The point here is filter reuse, not classification.

> If you want to jump to a block, you can just use a goto action like

I don't think you can jump to a block. You can jump to a chain within
the same block.

> normal. So your above example can be replaced with:
>
> # tc qdisc add dev eth0 root handle 1: \
>         red limit 500K avpkt 1K
>
> # tc filter add dev eth0 parent 1:0 position early_drop matchall \
>    action goto chain 10
>
> # tc chain add dev eth0 index 10 ...
>
> See the difference?

Cong Wang May 30, 2020, 4:48 a.m. UTC | #7

On Thu, May 28, 2020 at 2:48 AM Petr Machata <petrm@mellanox.com> wrote:
> So you propose to have further division within the block? To have sort
> of namespaces within blocks or chains, where depending on the context,
> only filters in the corresponding namespace are executed?

What I suggest is to let filters (or chain or block) decide where
they belong to, because I think that fit naturally.

What you suggest is to let qdisc's decide where they put filters,
which looks odd to me.

Hope it is all clear now.

Thanks.

Petr Machata May 30, 2020, 8:55 a.m. UTC | #8

Cong Wang <xiyou.wangcong@gmail.com> writes:

> On Thu, May 28, 2020 at 2:48 AM Petr Machata <petrm@mellanox.com> wrote:
>> So you propose to have further division within the block? To have sort
>> of namespaces within blocks or chains, where depending on the context,
>> only filters in the corresponding namespace are executed?
>
> What I suggest is to let filters (or chain or block) decide where
> they belong to, because I think that fit naturally.

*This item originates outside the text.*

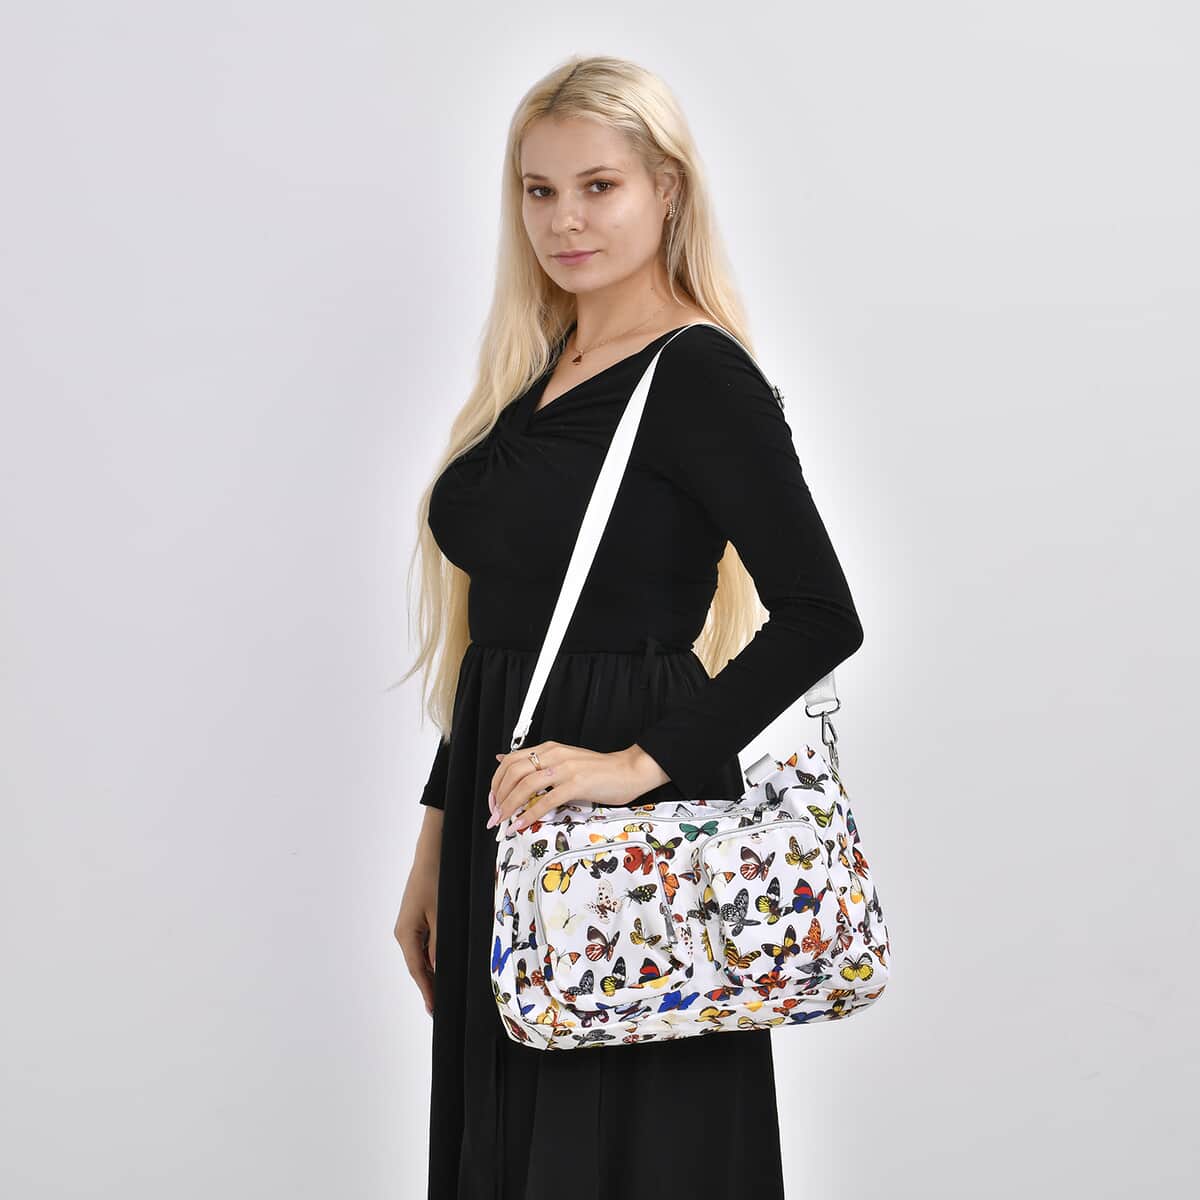 White and Multi Butterfly Pattern CrossBody Bag (14.6"x3.9"x10.6") with Handle Drop and Shoulder Strap (50.8") image number 1
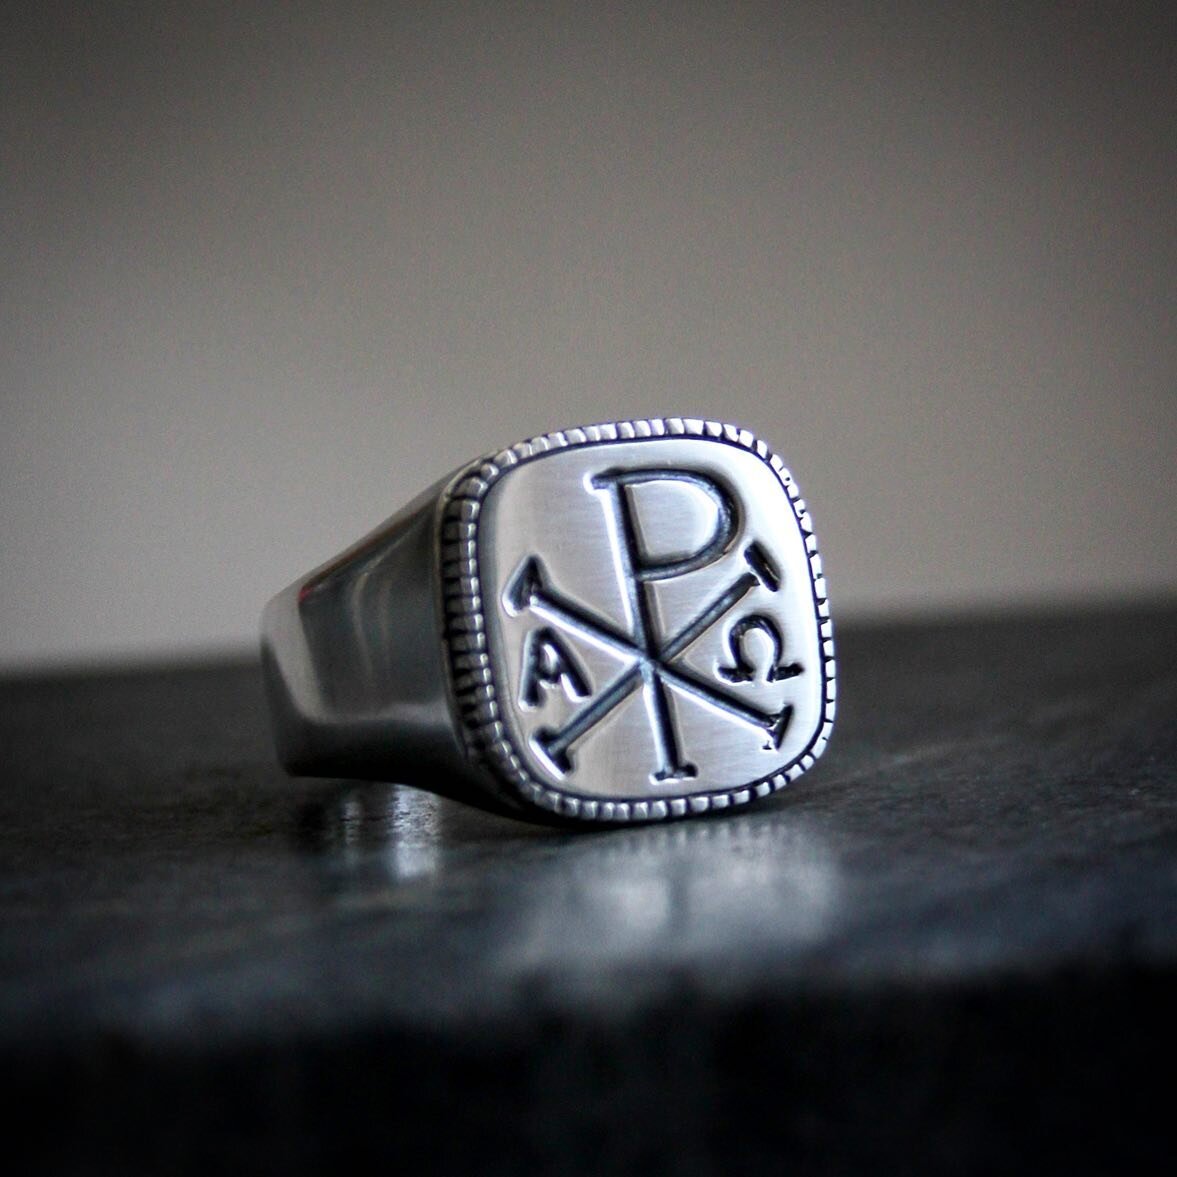 This ring just met it&rsquo;s owner, @postdocdad. Merry Be-lated Christmas! The signet ring as a shape and symbol has been a long favourite of mine. Hand carved in wax and cast in sterling silver. The P with X is the symbol for Christ with accompanyi

So filters would have this attribute that marks them for execution in
the qevent context?

Does "goto chain" keep this position? I.e. are the executed filters from
the "position" context or not? If they keep the position, then this new
system can be equivalently modeled as simply a block binding point.

If "goto chain" loses the position, that is just a block binding point
and a chain to start on, instead of the default zero.

So introducing the position does not seem to allow us to model anything
that could not be modeled before. But it is a more complicated system.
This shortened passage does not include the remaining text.